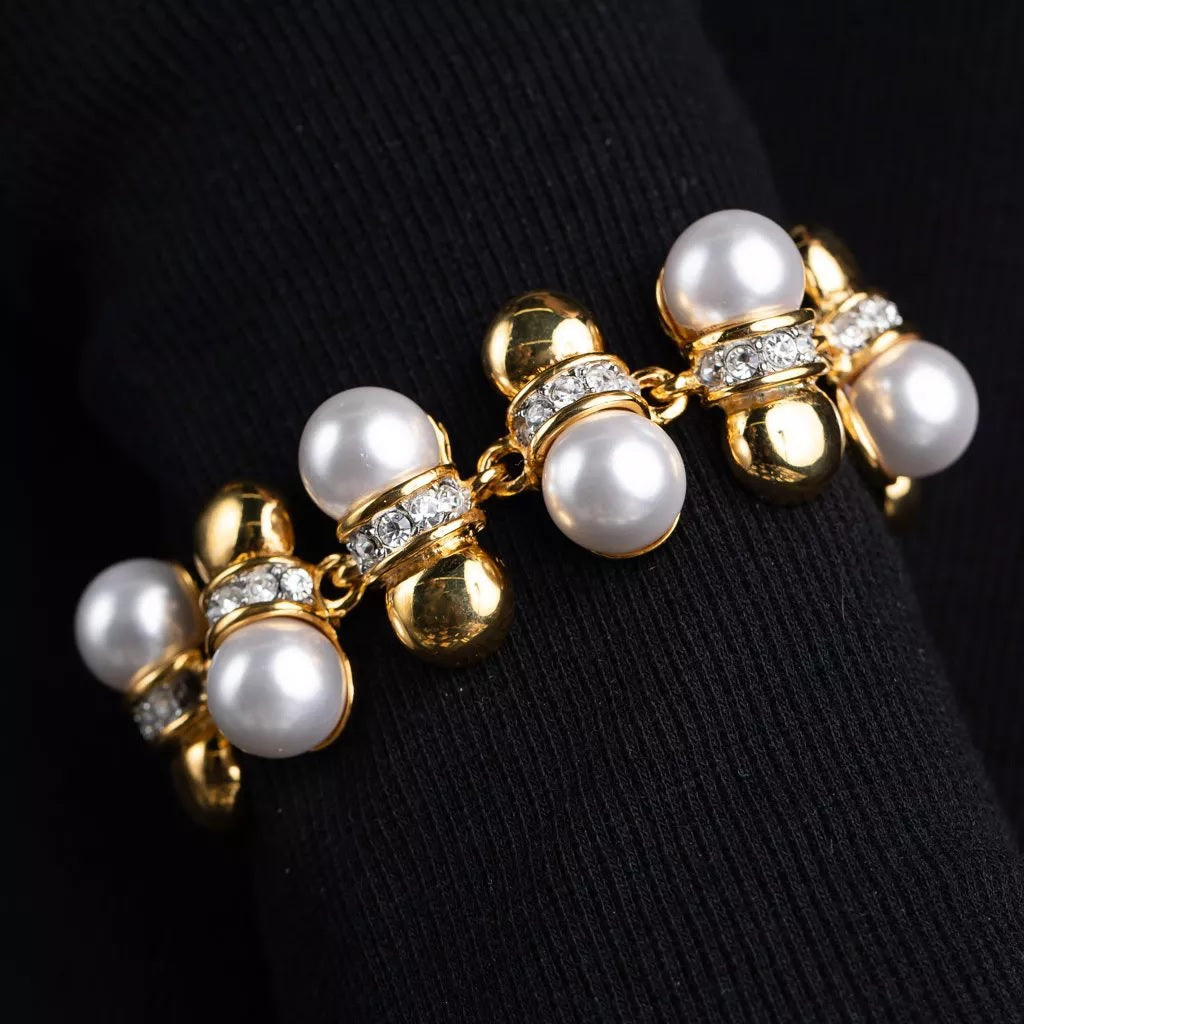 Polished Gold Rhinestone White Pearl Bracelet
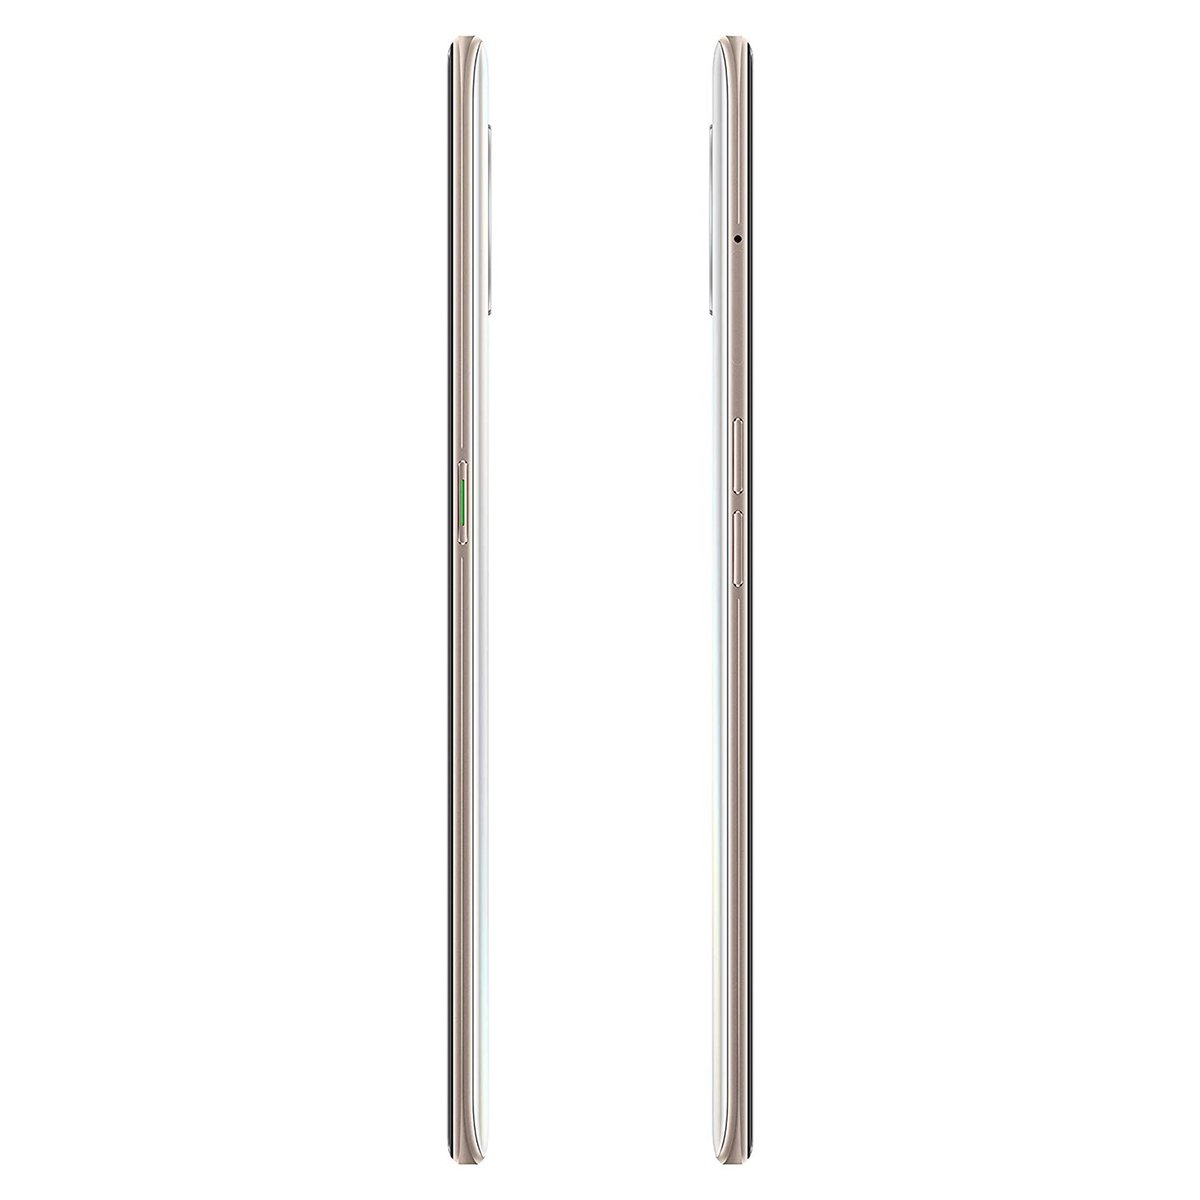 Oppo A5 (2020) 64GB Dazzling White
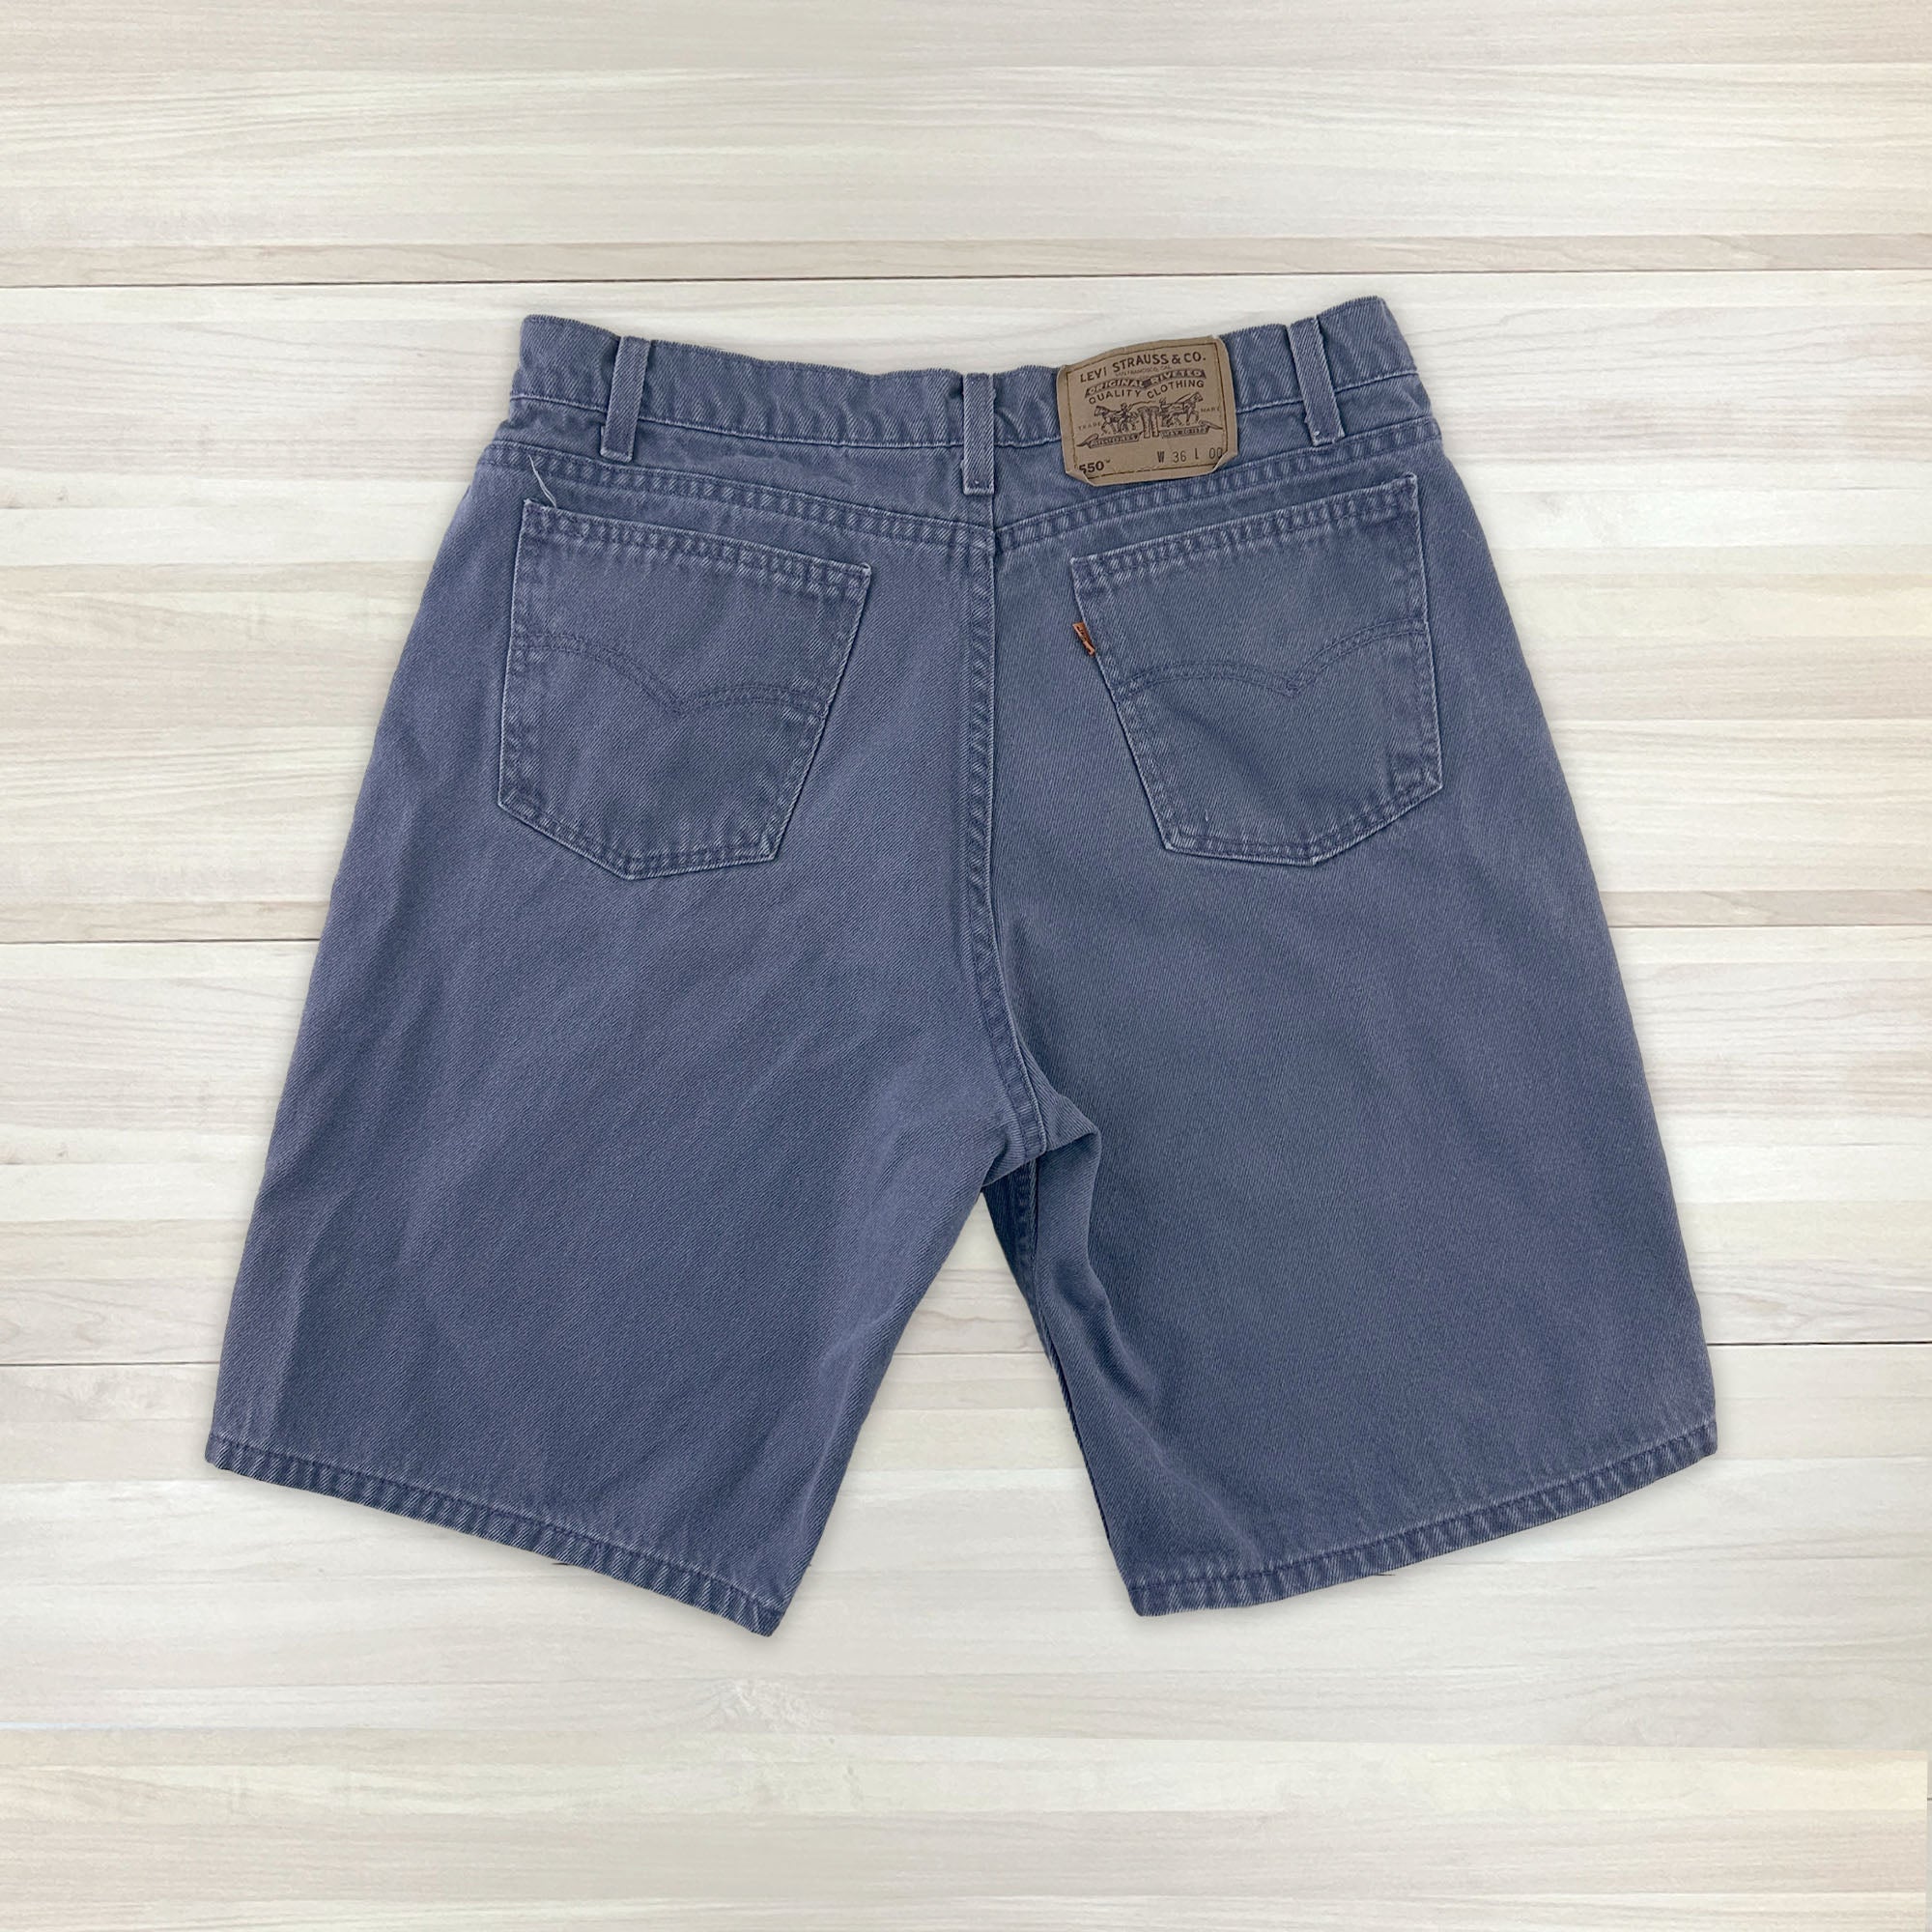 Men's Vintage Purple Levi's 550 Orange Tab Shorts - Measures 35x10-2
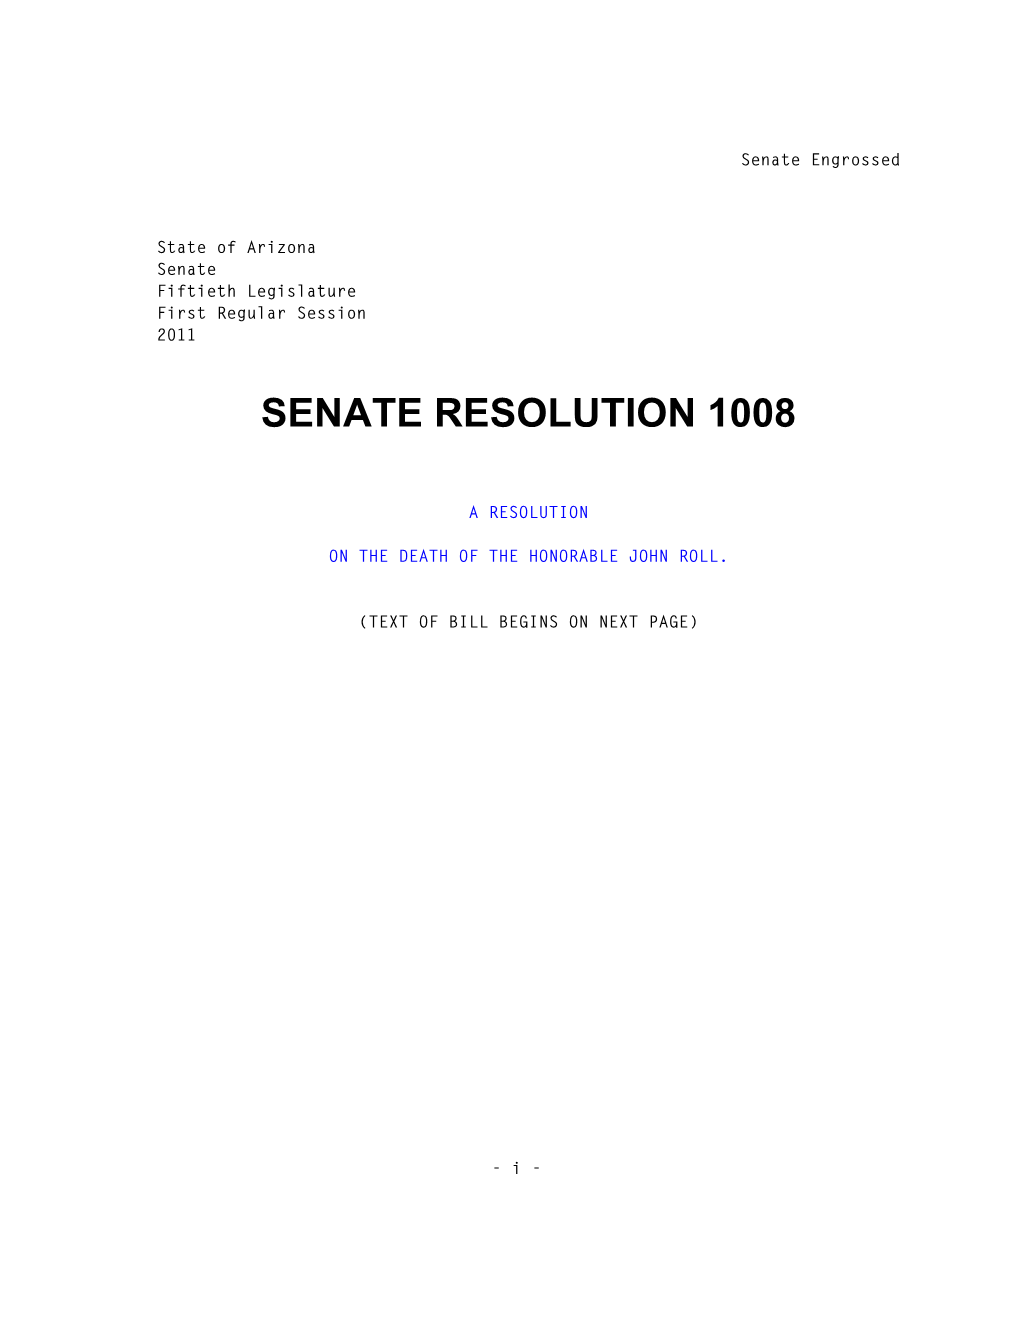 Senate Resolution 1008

+ + + + + + +

The task: Every picture stays out; reproduce exactly the lines from the one with "Oppo A5 (2020) 64GB Dazzling White" through the last line of the data above.

Reply to the task:
 Oppo A5 (2020) 64GB Dazzling White
 Men's Vintage Purple Levi's 550 Orange Tab Shorts - Measures 35x10-2
 Senate Resolution 1008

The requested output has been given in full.